Rabit, Sun Showers (Diskotopia)
Rabit’s blood runs cold on his Sun Showers EP, a four-panel portrait of grime at its most desolate, envisioned in the manner of grave rubbings, reduced to streaks of wax and charcoal. Two of the four tracks on the Houston producer’s new EP are virtually beatless, in fact, at least as far as traditional drum sounds go. There’s a kick drum skulking around somewhere beneath the icy flutes of “Sun Showers,” and the occasional flicker of sharpening knives, but they’re just accents. In most dance music, if you muted everything but the drum tracks, you’d be left with something functional enough to drive a dance floor. If you did that here, you’d get long expanses of silence punctuated by the occasional dead-weight thud or glint of metal. “Black Bag,” likewise, turns to single-shot cowbells for their mournful clang; the odd drum hit or clap is used primarily as a way of triggering the reverb that suggests the vastness of the music’s space — a space otherwise filled by buzzing squarewave bass melodies and mournful, slightly alien-sounding vocal samples. Where “Sun Showers” sounds like New Age packed in dry ice, “Black Bag” is the grime equivalent of Cocteau Twins’ Garlands. Rabit more than makes up for his percussive parsimony on the other two cuts, though. “40 Below” sketches out its bare-bones melody with a smattering of tuned hand drums, a la Shackleton, and piles on broken glass, laughter, and laser blasts for extra-nightmarish effect, while “Levels” is a riot of steel-beaked woodpeckers, pile-driving snares, and stuttering vocal samples, suggesting dancehall reggae diced into a pile of cold, hard cubes. Along with Slackk and Visionist, Rabit offers further proof of the thrilling energy at grime’s fringes.

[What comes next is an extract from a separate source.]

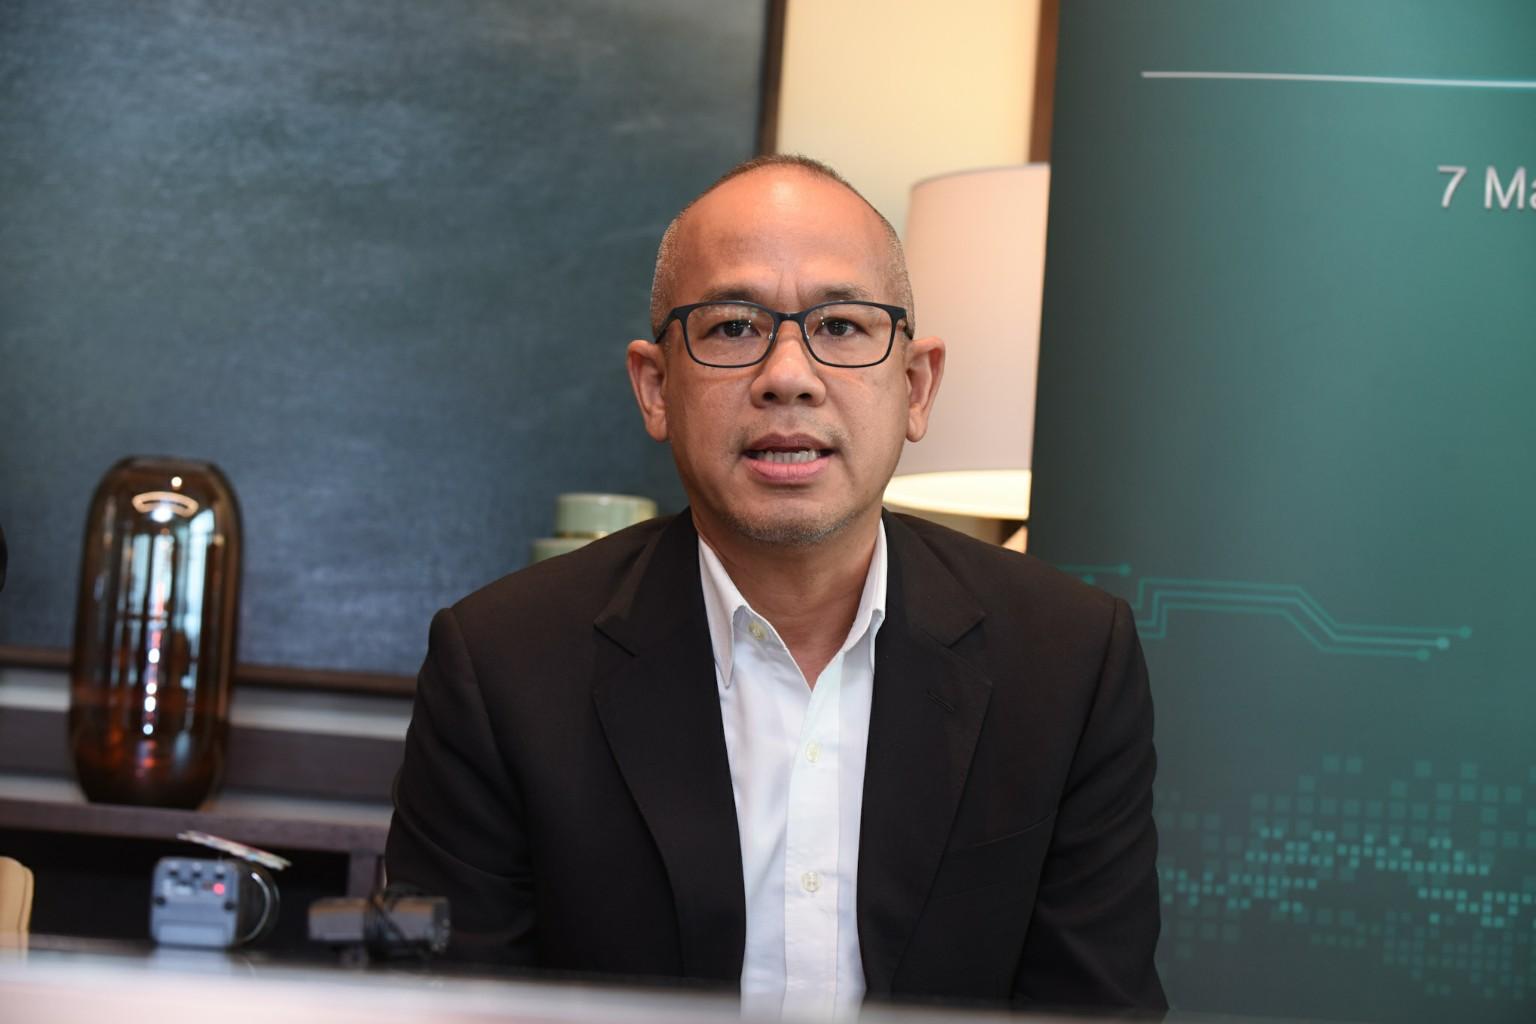 กสิกรไทยชี้แจงเรื่องการดำเนินธุรกิจใน สปป.ลาว

A Made Up Sound, “After Hours” / “What Preset” (A Made Up Sound)
Last we heard from Dave Huismans’ A Made Up Sound project, he was chopping up breakbeats into triplets and jamming a wrench into the dance floor’s gears. He’s still triangulating wildly here. Both cuts on his eponymous label’s latest release break from dance music’s four-to-the-floor norms by rolling out their rhythms in 12/8 time, something you rarely hear in house, techno, or other dance subgenre, in fact. It’s amazing what a change it makes, too: The rolling, elliptical rhythms make you move differently, even if you’re just nodding along at home, and they give the music a lilting, bilateral, slow-fast groove that you don’t really get with straightforward boomty-boompty. Beyond the rhythmic novelty, both tracks are hypnotic and seriously out there. “After Hours” plaits sonar pings around urgent war drums and ominous, sci-fi drones; there are no real riffs to speak of, no great moments of rupture, just a soaring sense of unease that’s stoked by cleverly deployed bits of film dialogue and drawn out for more than 12 minutes of heart-in-mouth tension. “What Preset” follows a similar path, but it’s tougher and more energetic, filled with rainforest chatter and glancing Rhodes work. It sounds a lot like classic Photek, in fact, but broken apart and soldered back together at invigoratingly odd angles. The whole triangle thing is, mercifully, finally going out of fashion in dance music, but AMUS proves that three is still the magic number.